To execute a `.prose` file, you become the OpenProse VM:

1. **Read `prose.md`** — this document defines how you embody the VM
2. **You ARE the VM** — your conversation is its memory, your tools are its instructions
3. **Spawn sessions** — each `session` statement triggers a Task tool call
4. **Narrate state** — use the narration protocol to track execution ([Position], [Binding], [Success], etc.)
5. **Evaluate intelligently** — `**...**` markers require your judgment

## Help & FAQs

For syntax reference, FAQs, and getting started guidance, load `help.md`.

---

## Migration (`prose update`)

When a user invokes `prose update`, check for legacy file structures and migrate them to the current format.

### Legacy Paths to Check

| Legacy Path         | Current Path   | Notes                            |
| ------------------- | -------------- | -------------------------------- |
| `.prose/state.json` | `.prose/.env`  | Convert JSON to key=value format |
| `.prose/execution/` | `.prose/runs/` | Rename directory                 |

### Migration Steps

1. **Check for `.prose/state.json`**
   - If exists, read the JSON content
   - Convert to `.env` format:
     ```json
     { "OPENPROSE_TELEMETRY": "enabled", "USER_ID": "user-xxx", "SESSION_ID": "sess-xxx" }
     ```
     becomes:
     ```env
     OPENPROSE_TELEMETRY=enabled
     USER_ID=user-xxx
     SESSION_ID=sess-xxx
     ```
   - Write to `.prose/.env`
   - Delete `.prose/state.json`

2. **Check for `.prose/execution/`**
   - If exists, rename to `.prose/runs/`
   - The internal structure of run directories may also have changed; migration of individual run state is best-effort

3. **Create `.prose/agents/` if missing**
   - This is a new directory for project-scoped persistent agents

### Migration Output

```
🔄 Migrating OpenProse workspace...
  ✓ Converted .prose/state.json → .prose/.env
  ✓ Renamed .prose/execution/ → .prose/runs/
  ✓ Created .prose/agents/
✅ Migration complete. Your workspace is up to date.
```

If no legacy files are found:

```
✅ Workspace already up to date. No migration needed.
```

### Skill File References (for maintainers)
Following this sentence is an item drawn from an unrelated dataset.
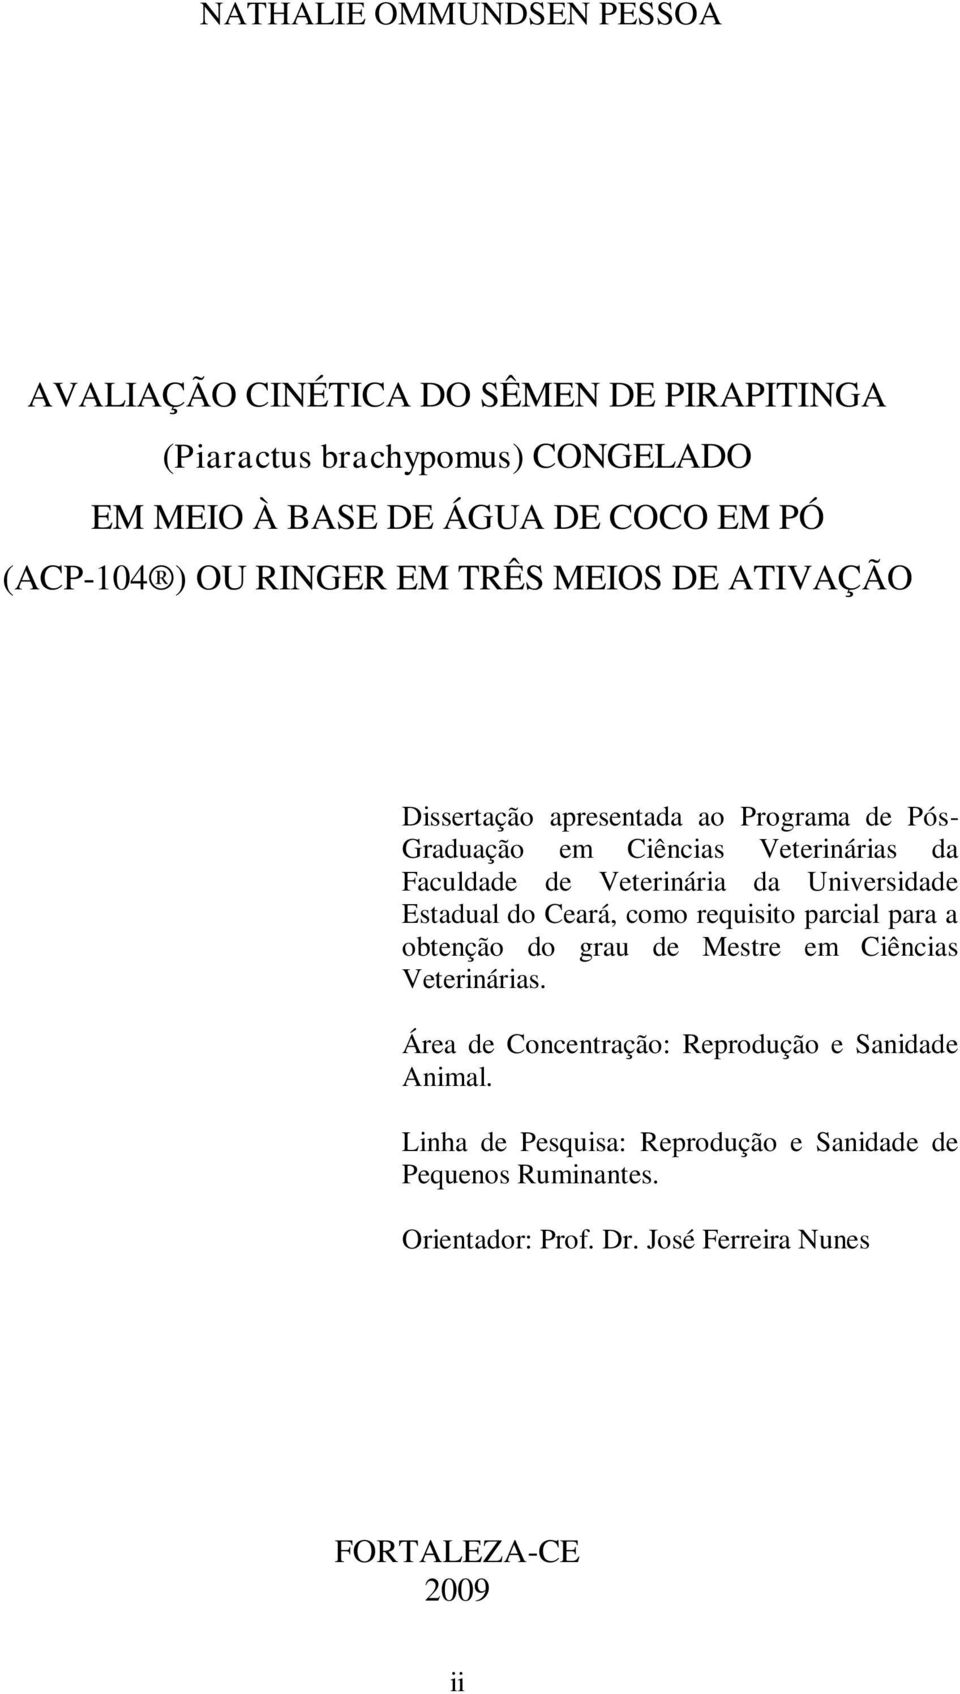 Veterinária da Universidade Estadual do Ceará, como requisito parcial para a obtenção do grau de Mestre em Ciências Veterinárias.
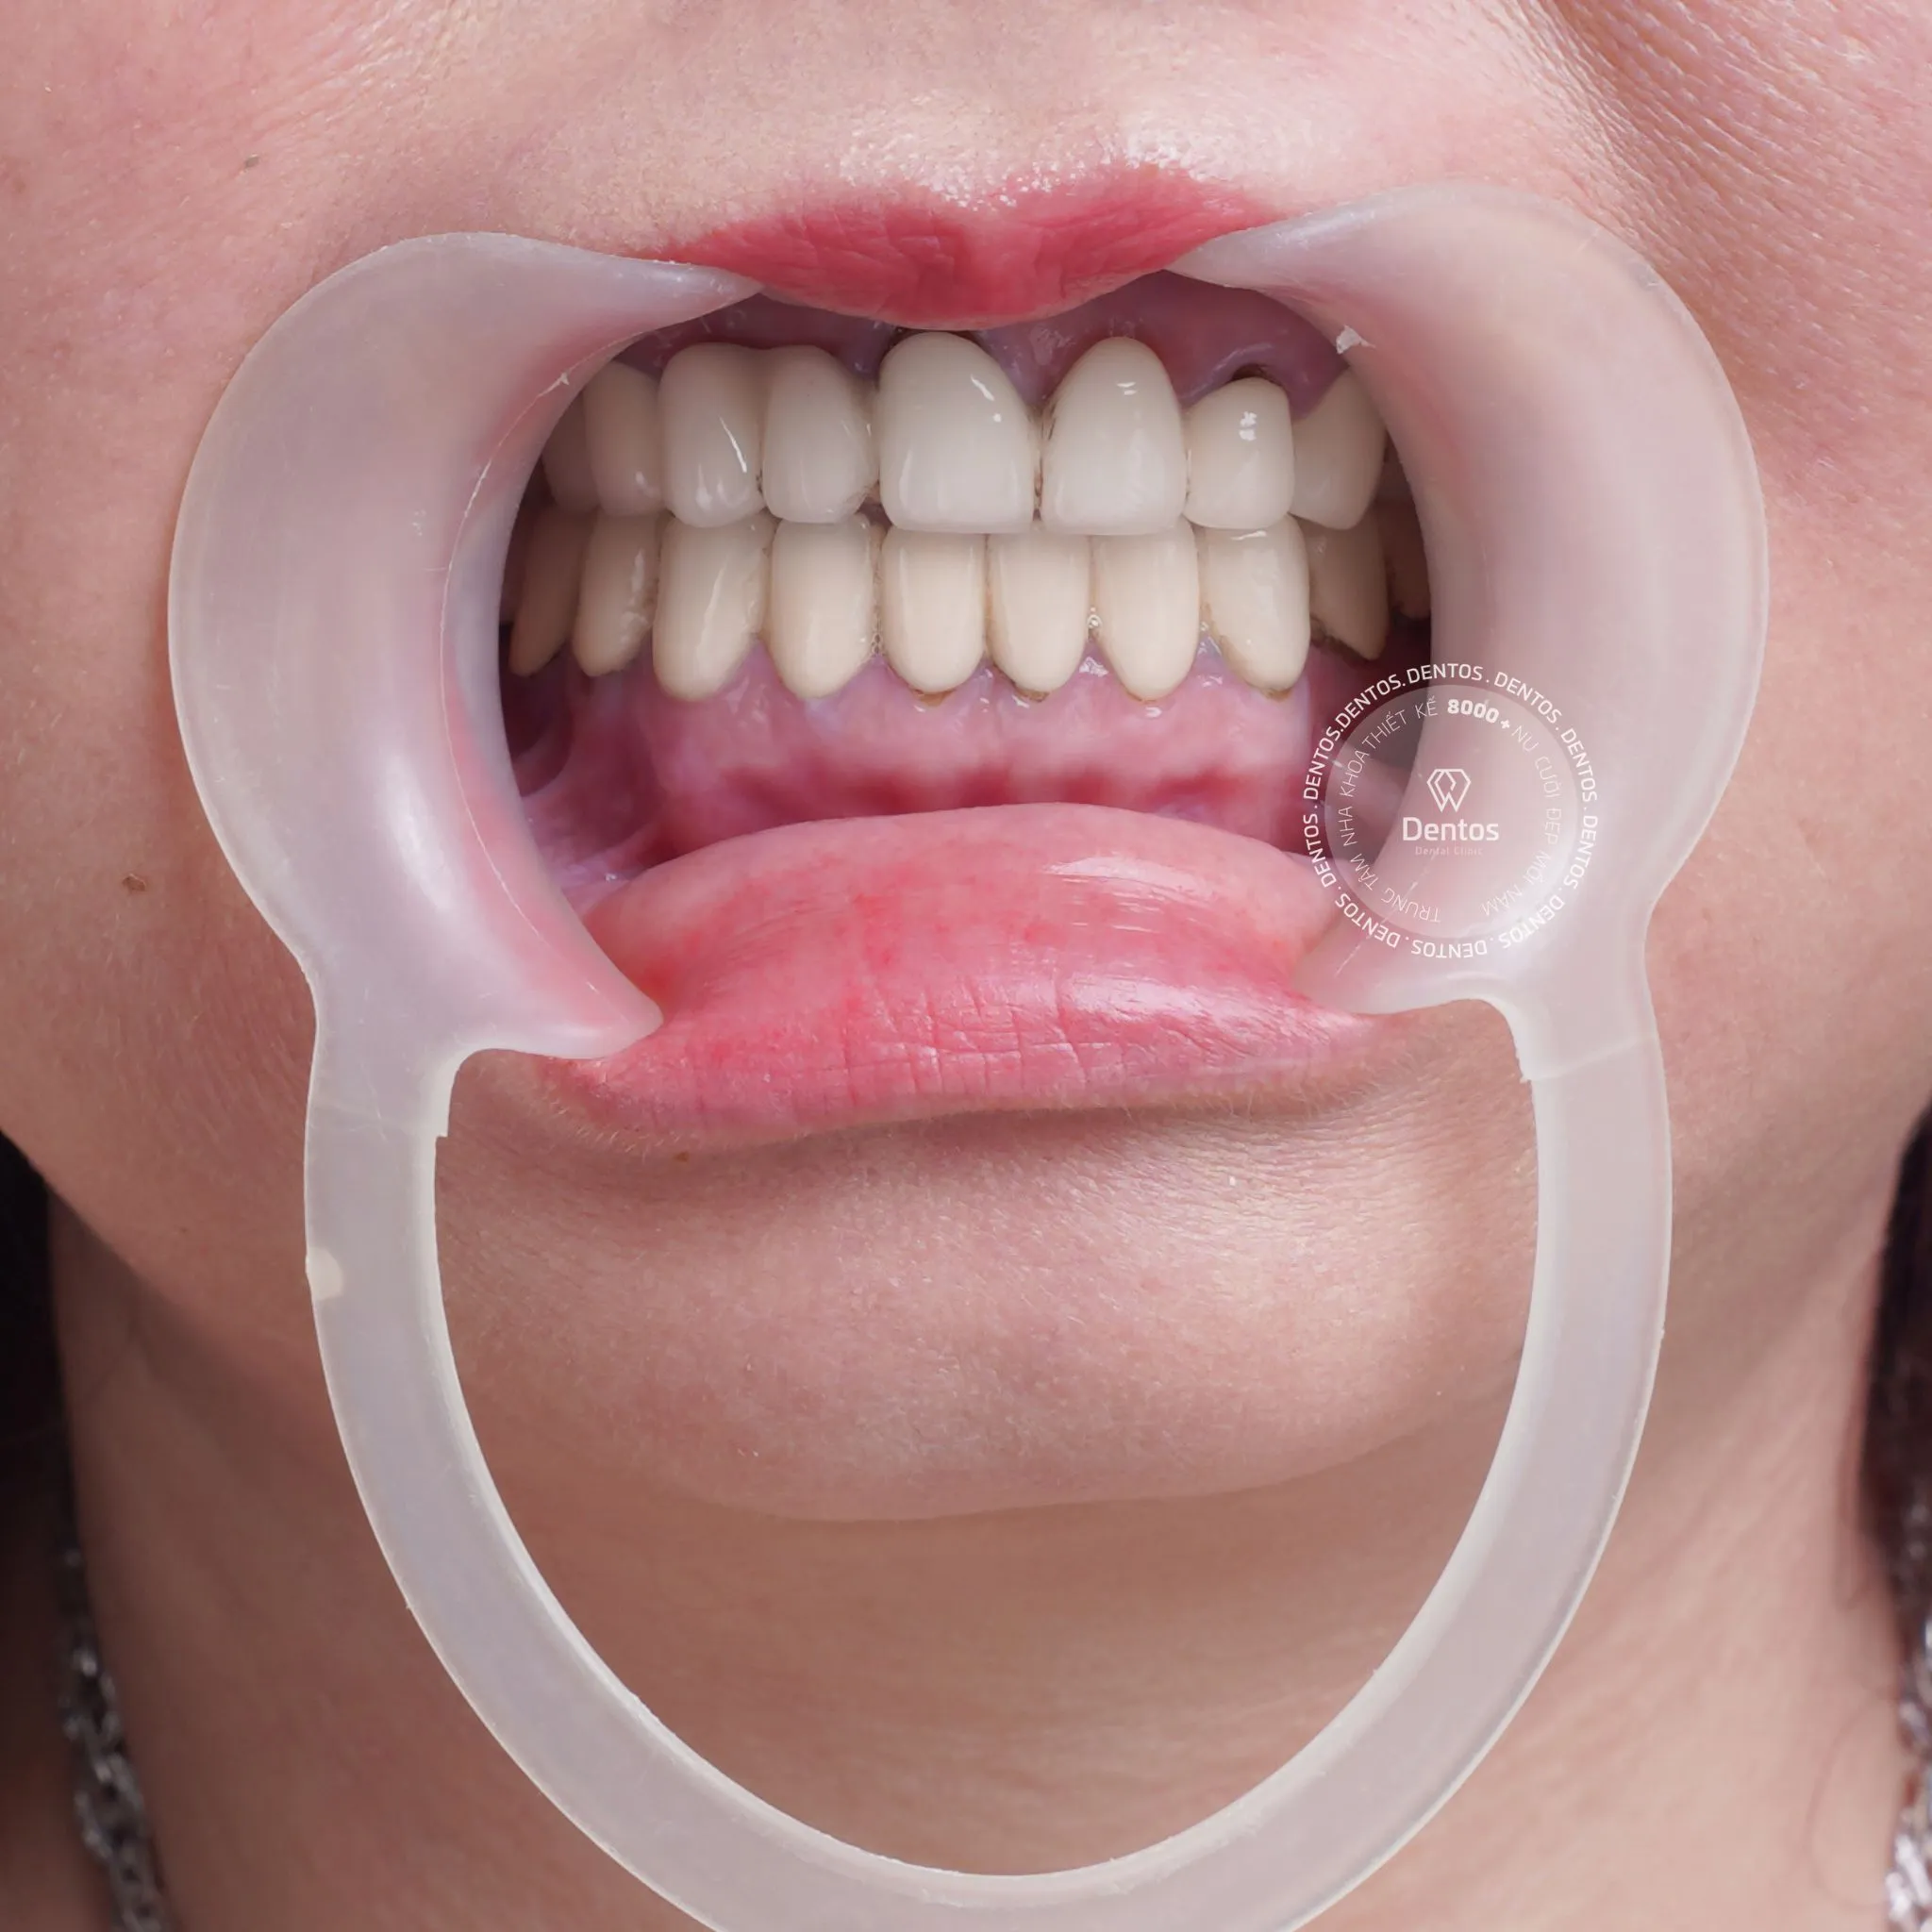 Tình trạng răng miệng quyết định lớn đến giá bọc răng sứ

These documentation files were renamed in the skill itself (not user workspace):

| Legacy Name       | Current Name               |
| ----------------- | -------------------------- |
| `docs.md`         | `compiler.md`              |
| `patterns.md`     | `guidance/patterns.md`     |
| `antipatterns.md` | `guidance/antipatterns.md` |

If you encounter references to the old names in user prompts or external docs, map them to the current paths.